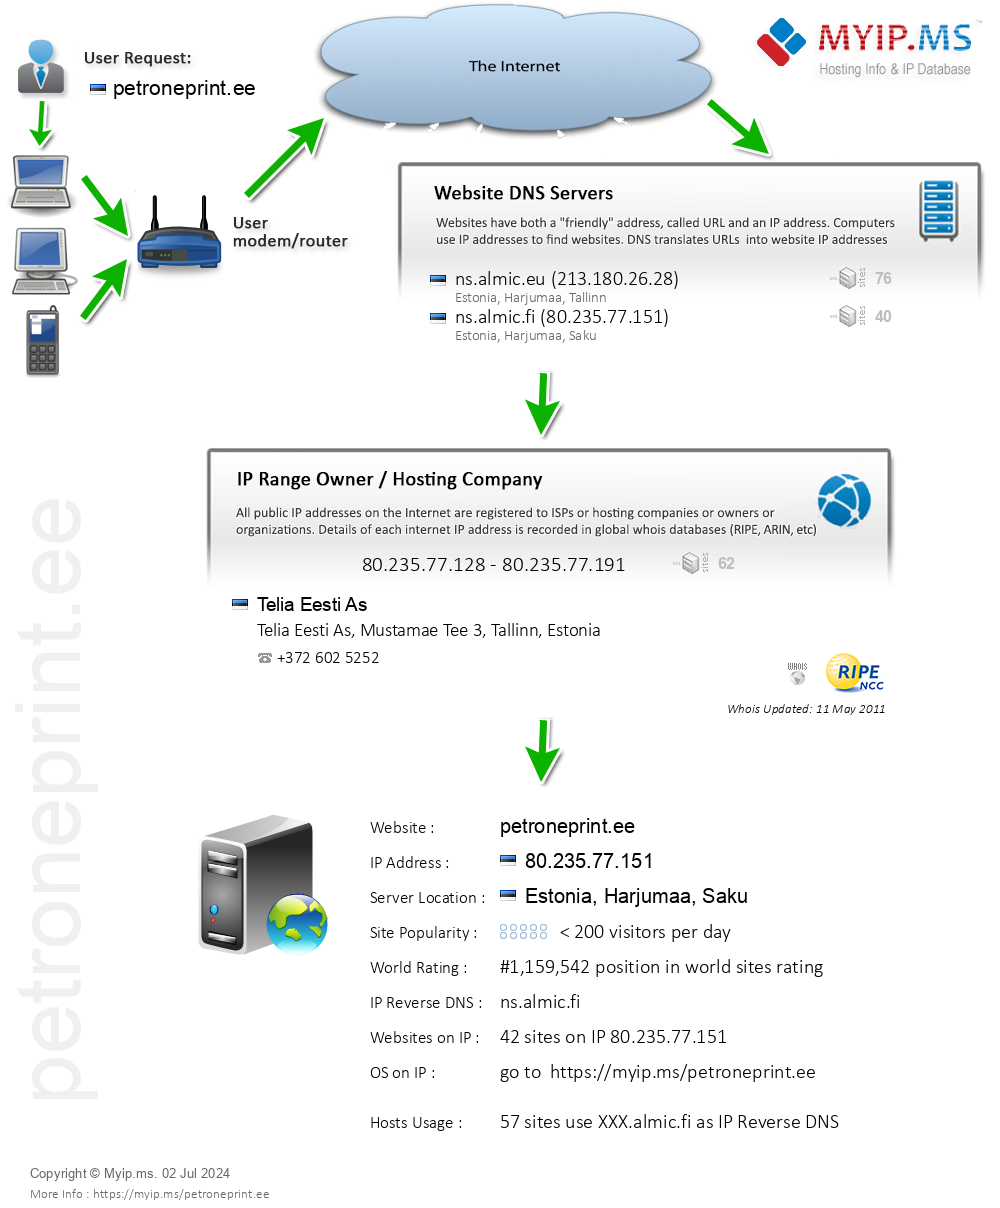 Petroneprint.ee - Website Hosting Visual IP Diagram
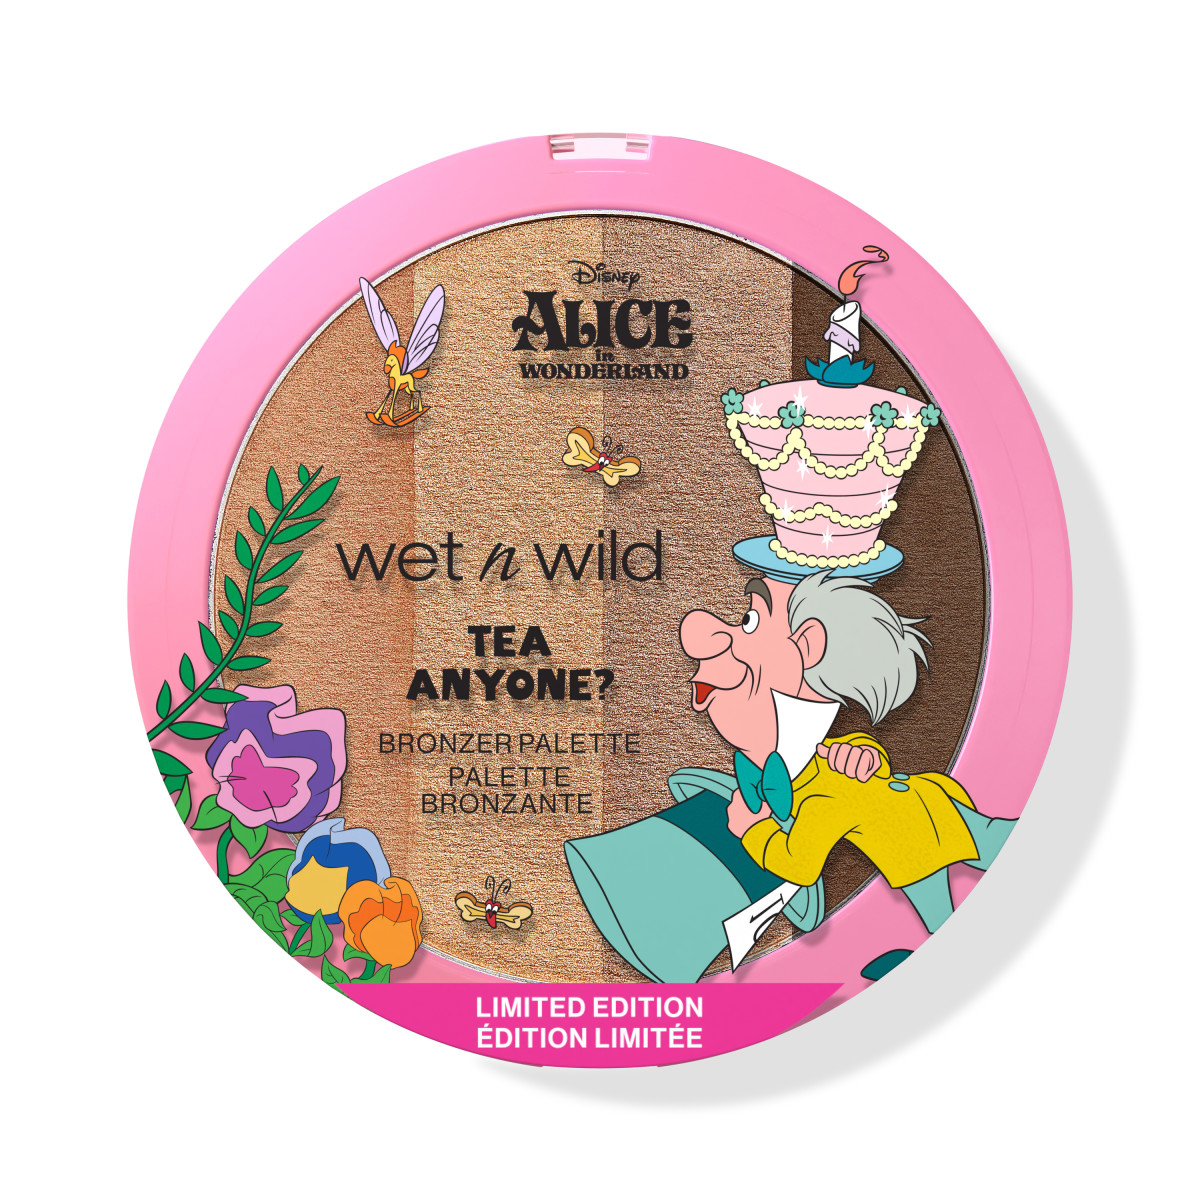 Wet N Wild Alice in Wonderland Tea Anyone? Bronzer Palette
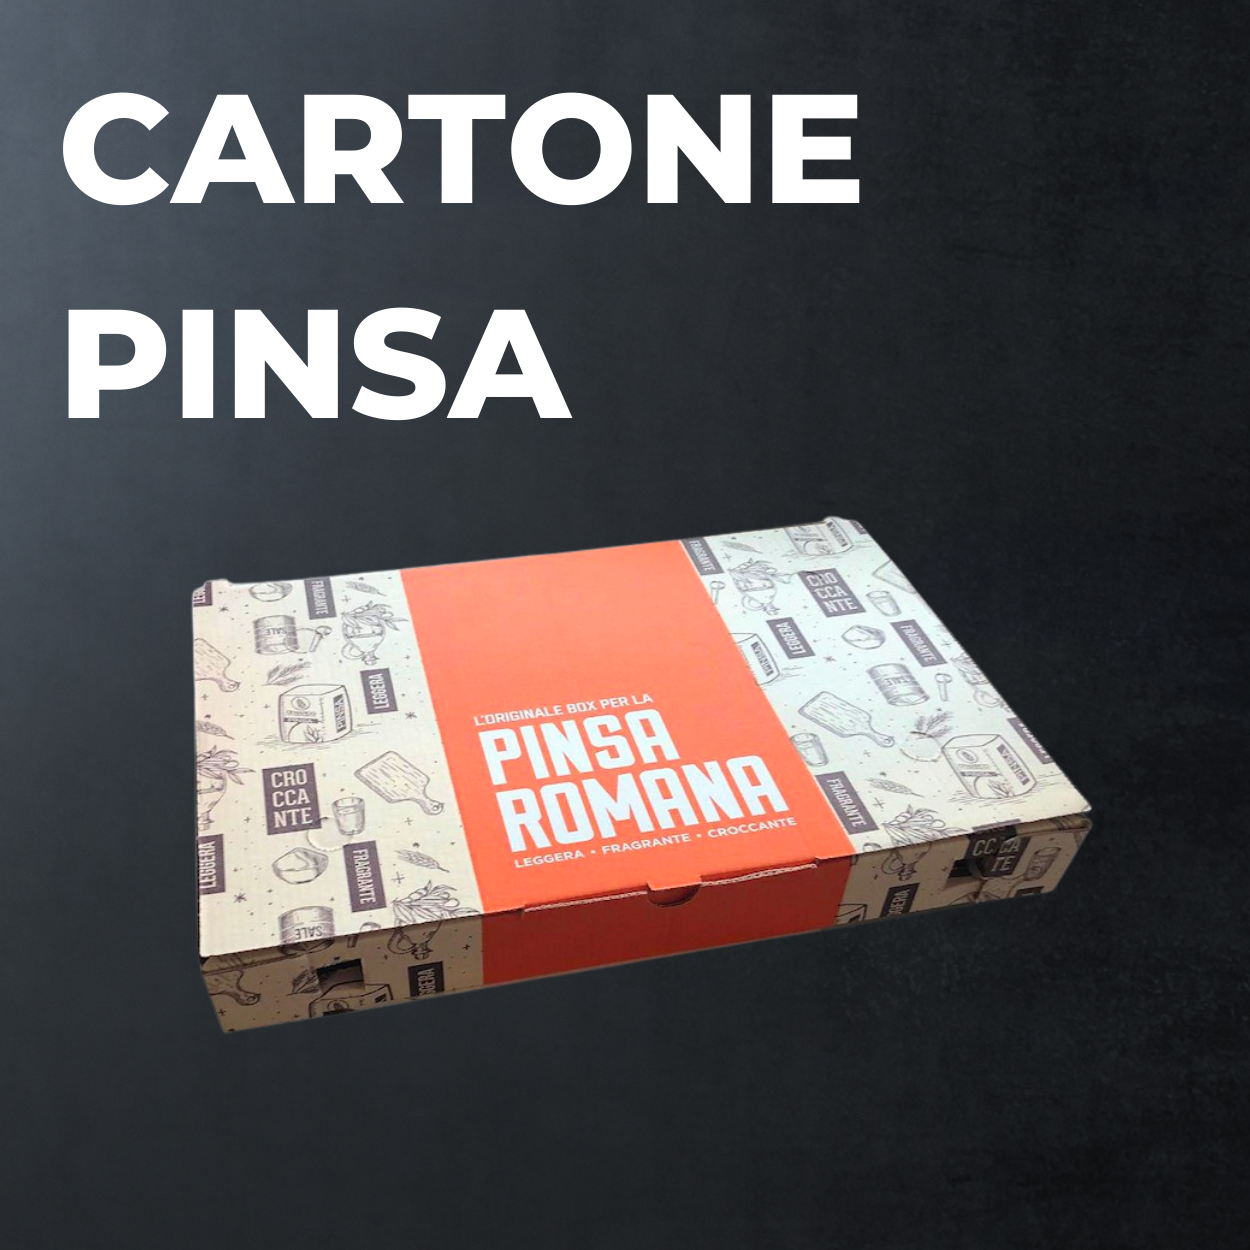 Cartone Pinsa Romana - Personalizzata - 200 pezzi

Problem to solve: Copy out all of the data word for word. Do not carry over any picture.

Output below:
 Petroneprint.ee - Website Hosting Visual IP Diagram
 Wet N Wild Alice in Wonderland Tea Anyone? Bronzer Palette
 Cartone Pinsa Romana - Personalizzata - 200 pezzi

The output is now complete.